关键词: 体系效能评估, 协同效应, 灰色关联, 指标重构, 灰色主成分

Abstract:

The number and dimensionality of system effectiveness evaluation indicators are numerous, and the indicators are interrelated and have synergistic effects, which increases the computational complexity of effectiveness evaluation. To address this issue, a grey principal components analysis (GPCA) reconstruction method of joint operation system effectiveness indicator considering synergism is proposed. Firstly, analyzing the operational mission, tasks, and processes of the joint air defense combat system of systems, the system effectiveness evaluation indicator under the joint operation mode is constructed, and the grey incidence model is used to analyze whether there is synergism between the indicators.
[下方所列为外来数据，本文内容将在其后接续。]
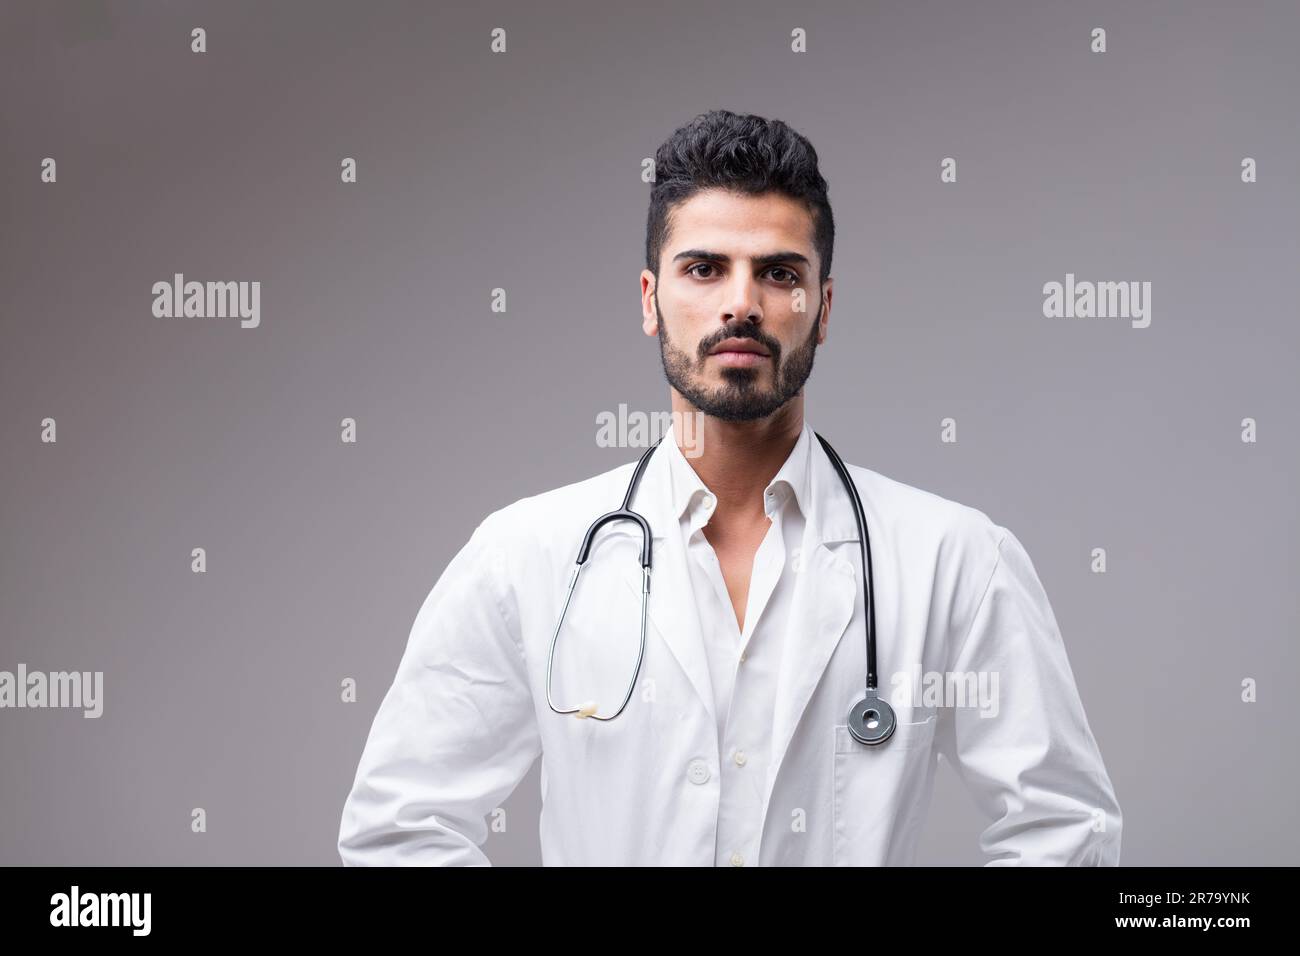 Un medico serio, mediorientale con una carnagione scura. Ritratto di un giovane uomo, barba curata professionalmente, pronto ad assisterti Foto Stock

Then, based on the discovery of synergism among indicators, three strategies are proposed to reconstruct the effectiveness evaluation indicator system of joint operation system. Combined with the GPCA method, a GPCA model with synergism is constructed to reduce the dimension of effectiveness evaluation indicator. Finally, this method is applied to the effectiveness evaluation case of a joint air defense operation system, and the indicators with synergism are selected. The effectiveness evaluation indicator system is reconstructed. The comparison and analysis of the calculation results and methods indicate that the proposed method can effectively find the synergism between the indicators, and the reconstructed evaluation index system maintains "isomorphism".

Key words: system-of-systems effectiveness evaluation, synergism, grey incidence, indicator reconstruction, grey principal component analysis (GPCA)

中图分类号:

N945.25

陈顶, 方志耕, 杨保华, 叶丰, 张娜, 张靖如. 考虑指标协同效应重构的联合作战体系效能评估灰色主成分模型[J]. 系统工程与电子技术, 2025, 47(5): 1561-1574.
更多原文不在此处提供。